Problem
Repeat the data that follows verbatim. Images are not part of the copy.

Dataset extract
▼
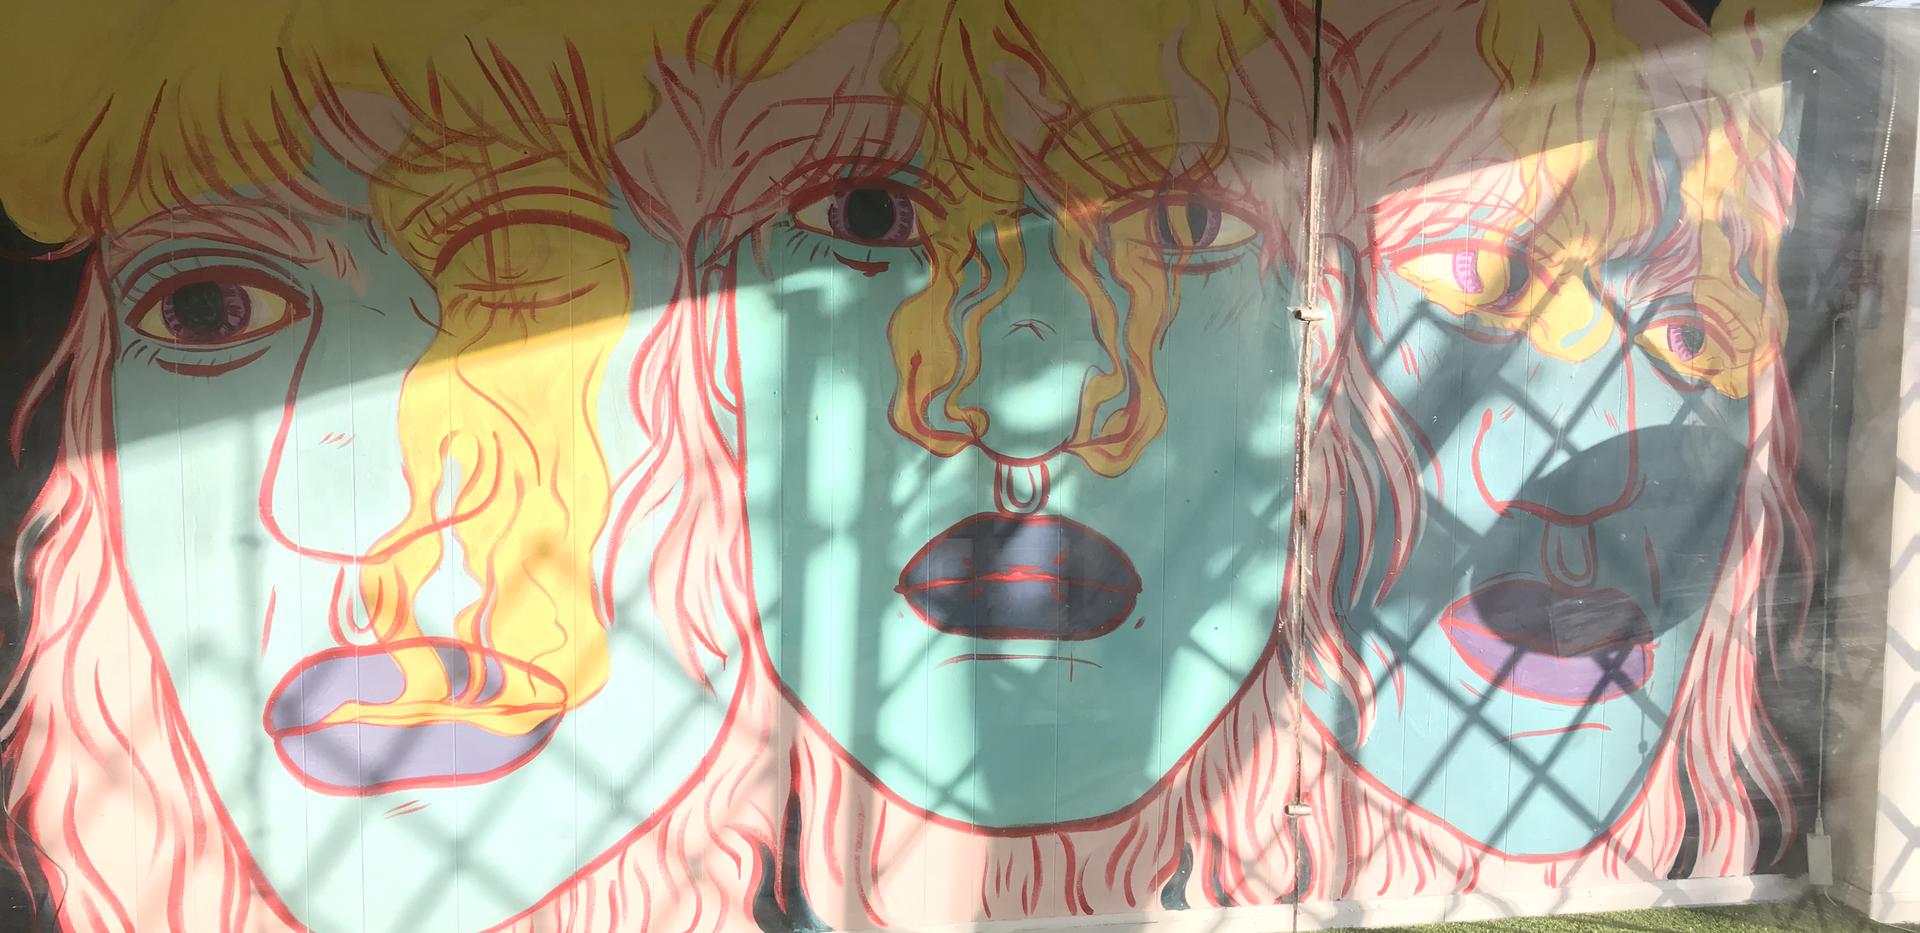 2019 Tell Me How You Feel window installation KO Gallery, Hamtramck, MI
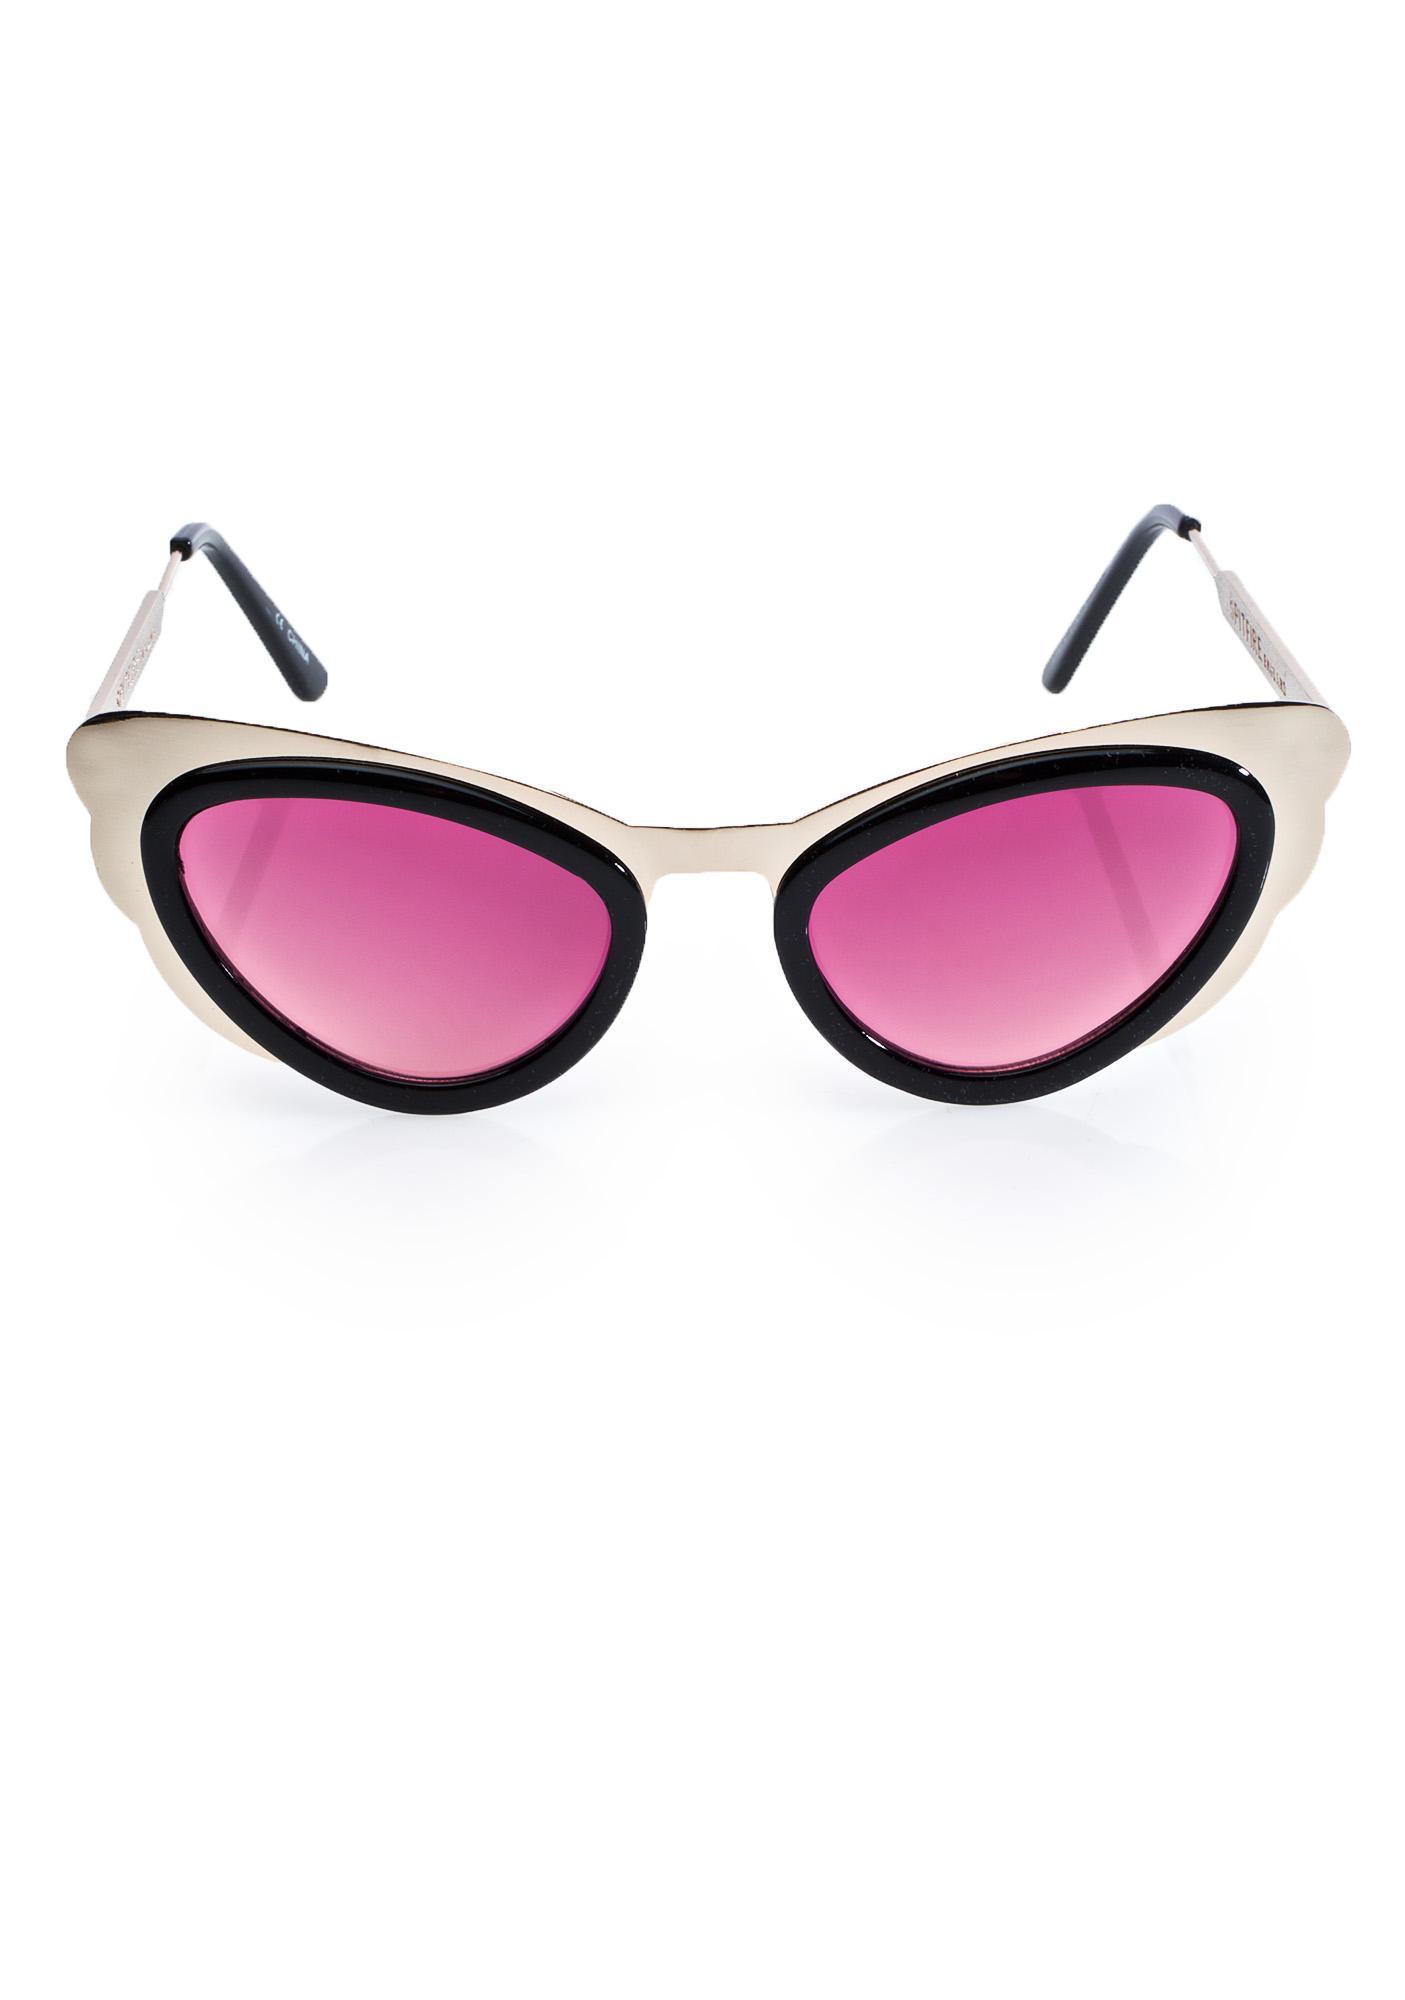 Spitfire Apex Sunglasses
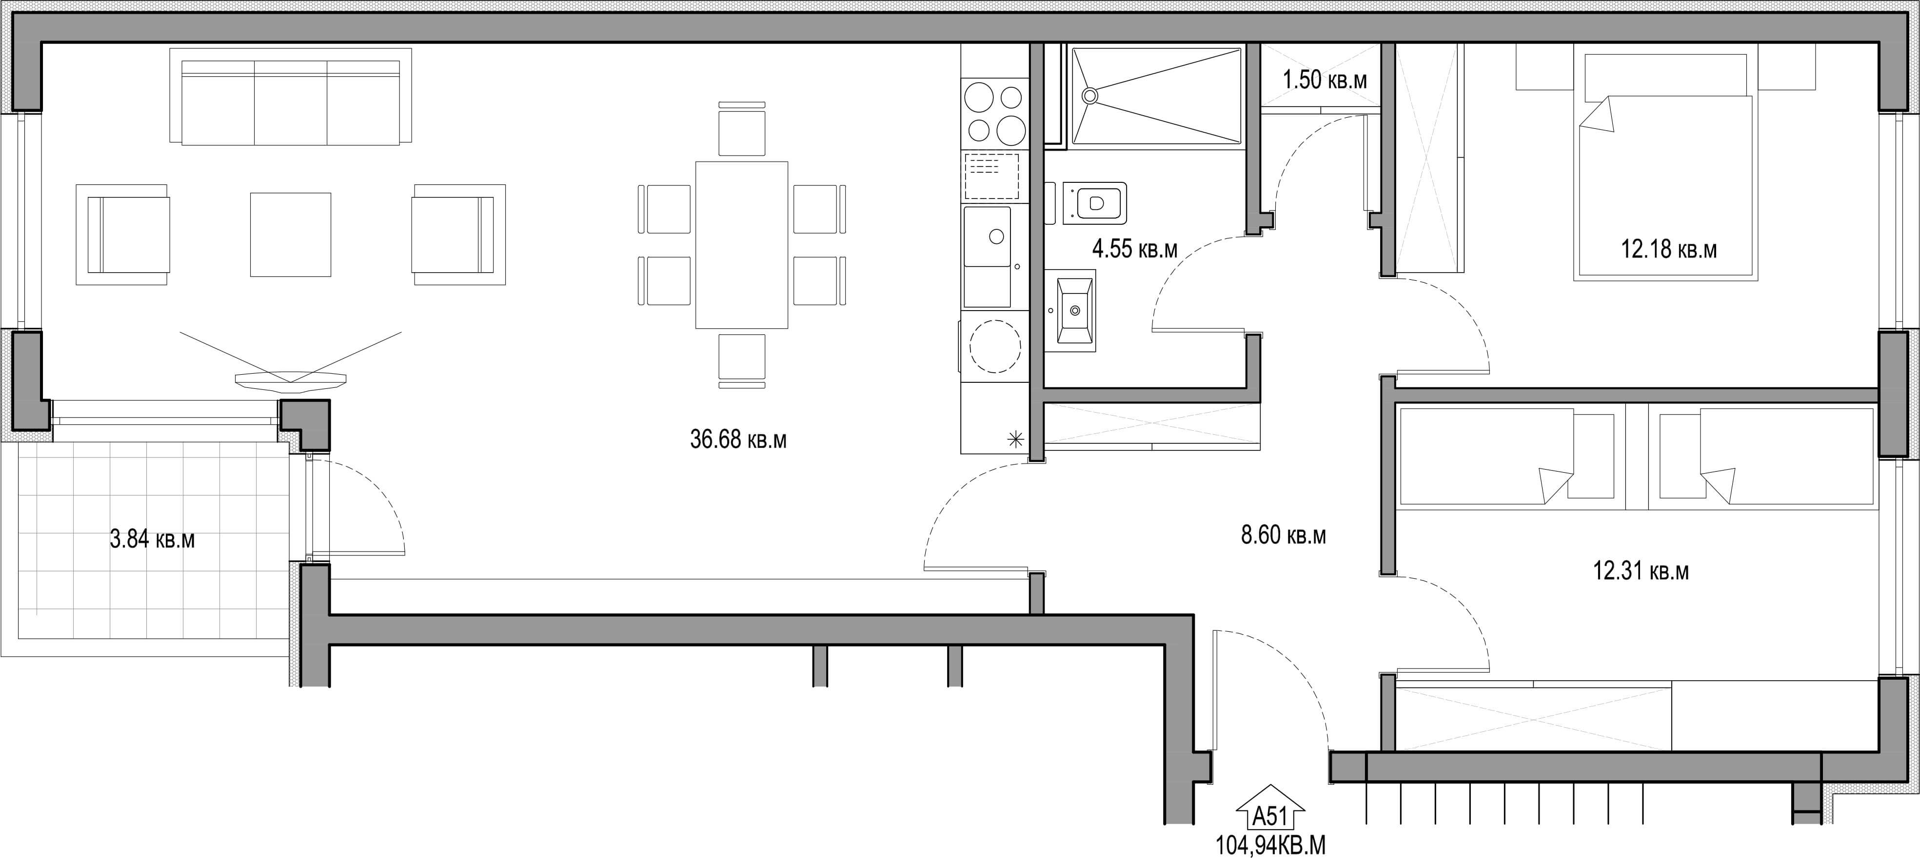 Vinitsa_Apartment_3_51
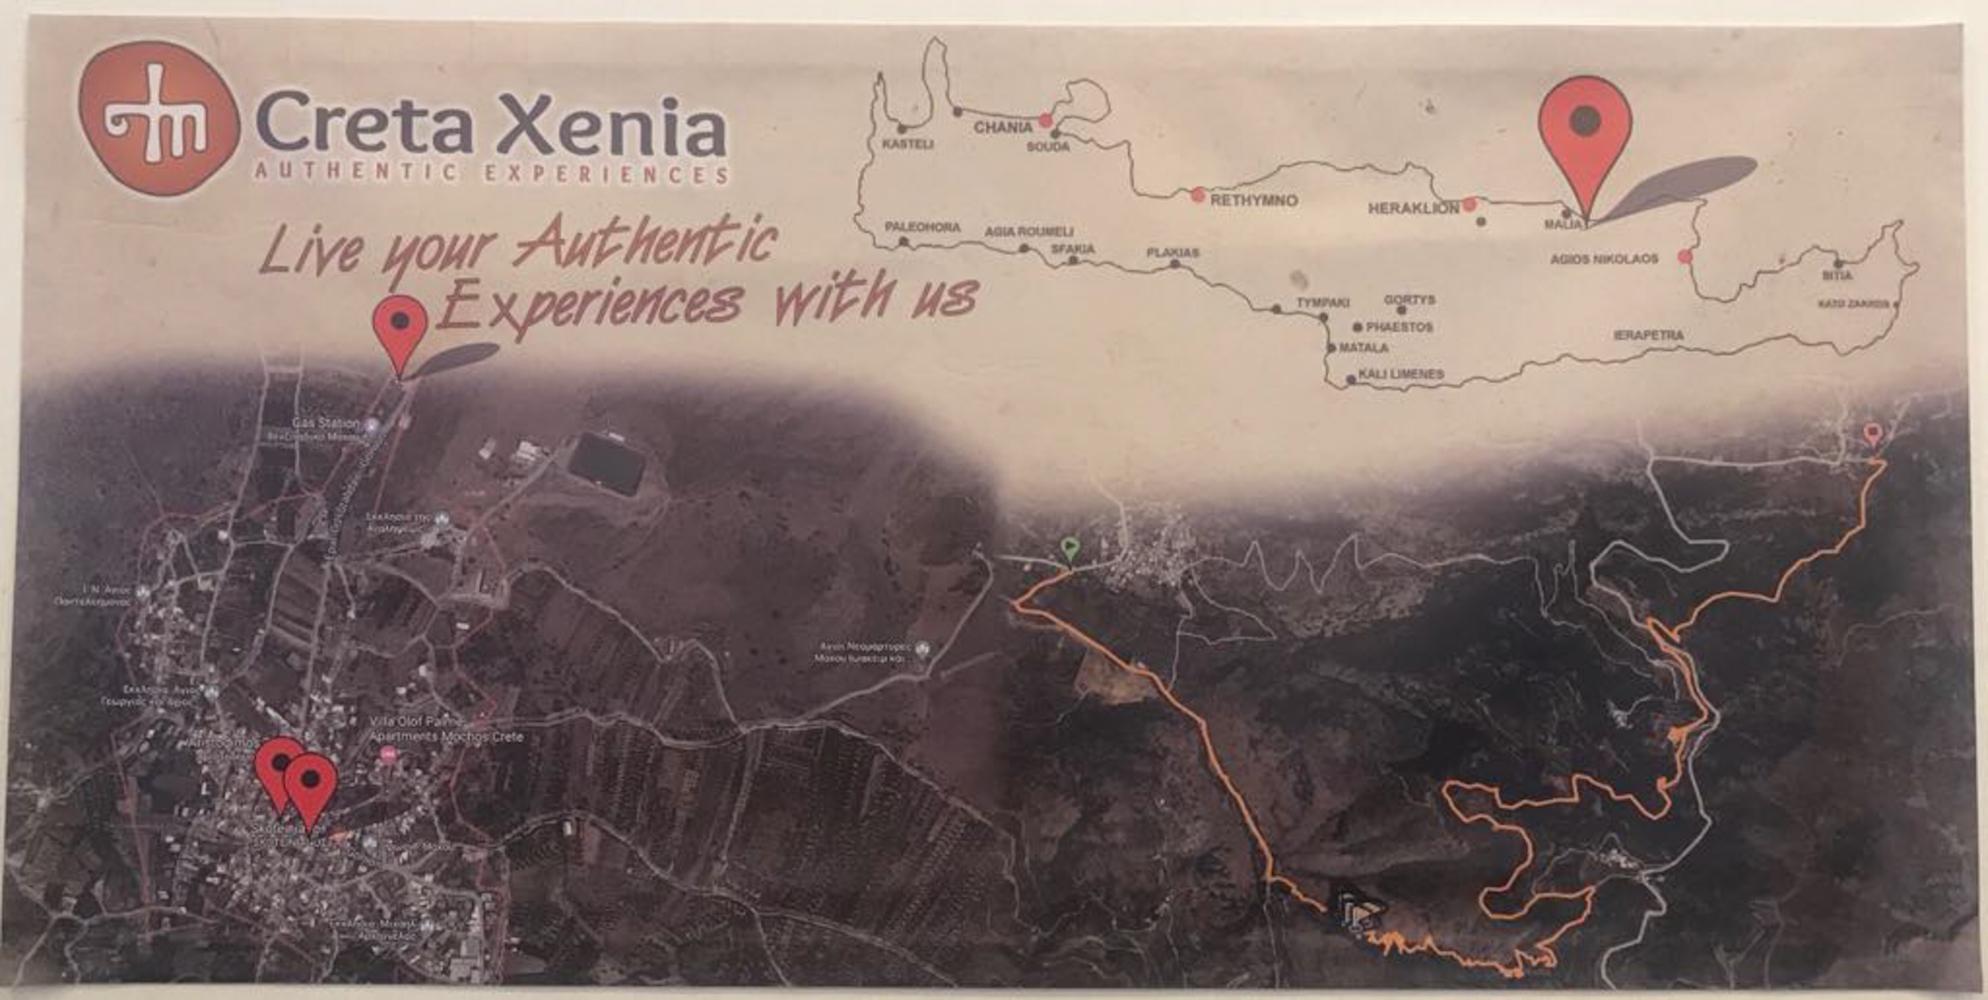 CRETA XENIA AUTHENTIC EXPERIENCES
▲
Response to the exercise
 2019 Tell Me How You Feel window installation KO Gallery, Hamtramck, MI
 Spitfire Apex Sunglasses
 Vinitsa_Apartment_3_51
 CRETA XENIA AUTHENTIC EXPERIENCES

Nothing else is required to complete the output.